Unlike the Pacific League, the Central League had never experimented with any type of postseason system prior to 2006. The CL had situational playoff scenarios written into its bylaws that required either a tie atop the standings or a team finishing with more wins but a worse winning percentage than the first-place team, but a permanent playoff plan had never been created. In March 2006, encouraged by the success of the PL's postseason system, CL officials announced their intention to introduce playoffs for the 2007 season to help boost declining attendance. During meetings held later that year, PL and CL officials disagreed over proposed plans detailing the new playoff system. Since the creation of the PL playoffs in 2004, the league awarded its pennant titles to the playoff winners rather than the team who finished the regular season with the best record. The PL disapproved of the CL's intentions to continue awarding their league title to the first-place finisher in the regular season while using the playoffs to determine which team would compete against in the Japan Series.
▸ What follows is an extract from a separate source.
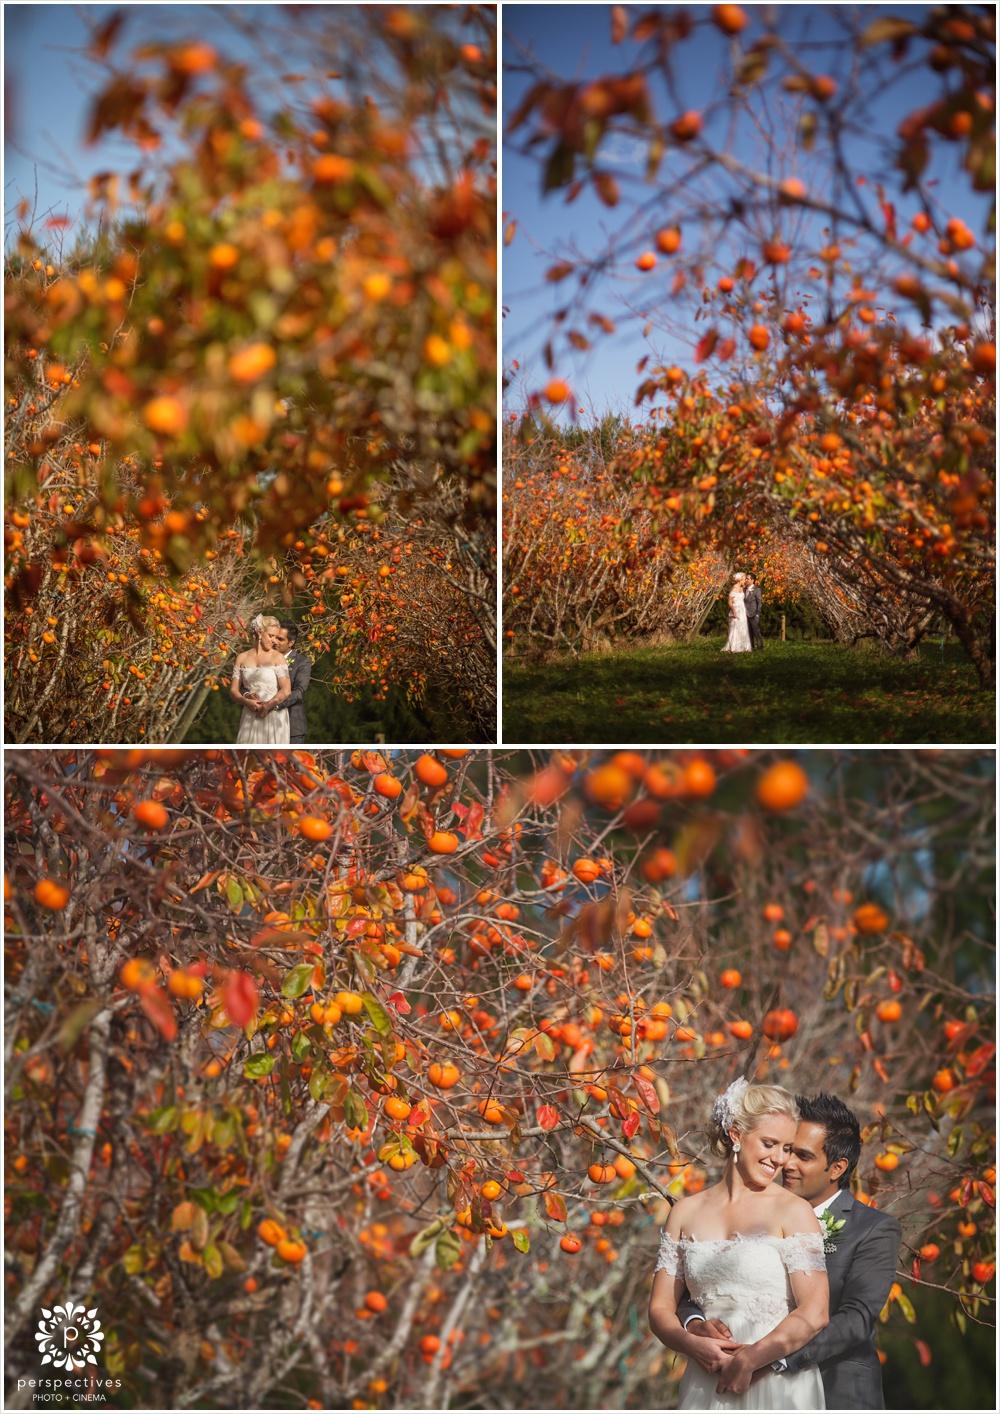 Autumn wedding photo locations Auckland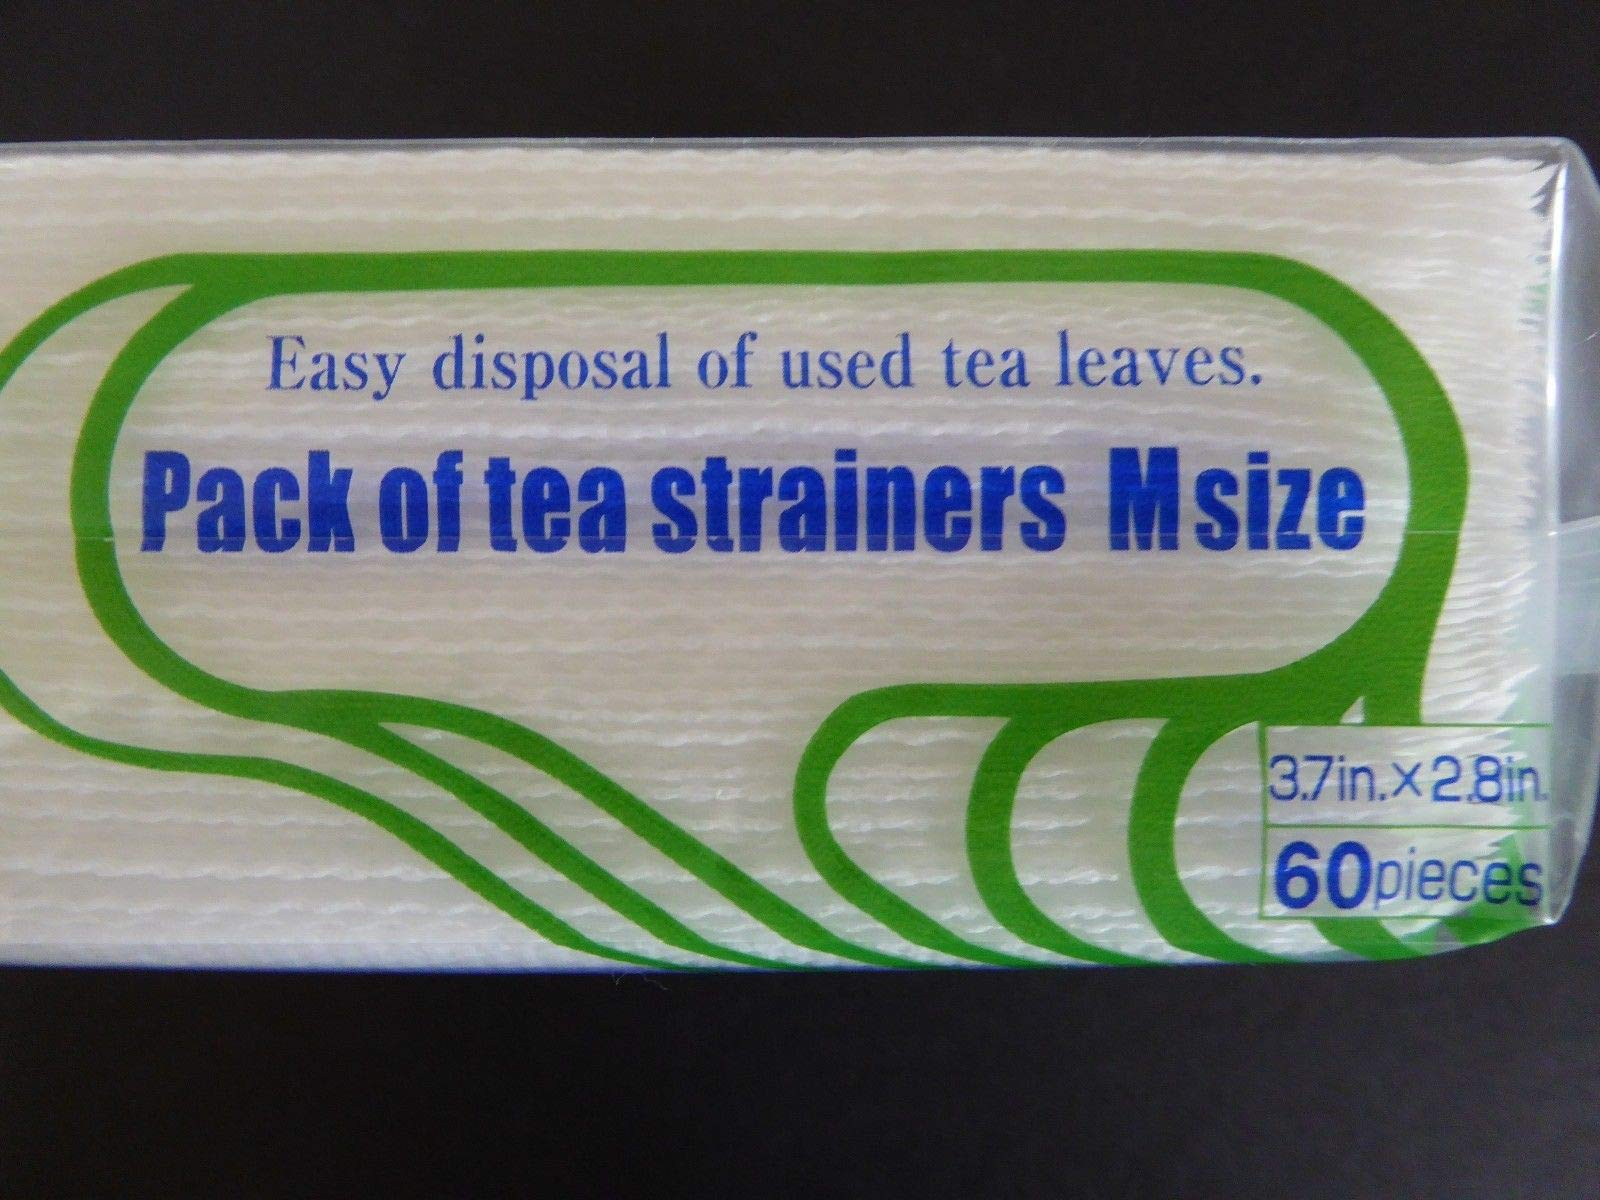 12 Packs (720 Pcs) Japanese TOKIWA Disposable Filter Bag/Tea, Coffee by Tokiwa Made Japan by YokohamaUSA

In September 2006, both leagues agreed on a unified postseason system. The CL implemented a playoff system identical to the PL's, and the entire playoff series was dubbed the "Climax Series". The PL agreed to name the regular season first-place finishers league champions rather than the team that won the leagues' respective playoffs—a reversal from the previous three seasons. It was decided that both leagues would play 144 regular-season games, the first time both leagues would play the same number of games since the PL introduced its playoff system in 2004. The two leagues also agreed that neither regular-season champion should receive a one-game advantage in the Final Stage of the Climax Series, claiming that it was unnecessary from a business point of view. It had been suggested that the Yomiuri Giants voted to approve the playoff idea in 2006 because they had not finished atop the standings in the regular season since 2002 and the playoff concept would increase the Giants' chances of winning the Japan Series. However, the plan backfired on them. In the Climax Series' inaugural season, the Giants finally won the CL pennant but were still denied a Japan Series berth when they were defeated by the second-place Chunichi Dragons in a three-game sweep during the Final Stage of the 2007 Central League Climax Series. The next season, the leagues overturned their decision on the Final Stage advantage and agreed to award their champions an automatic one-win advantage in the Final Stage starting with the 2008 Climax Series. At the same time, the Final Stage changed from a best-of-five series and became a best-of-seven series, where the first team to accumulate four wins advances to the Japan Series.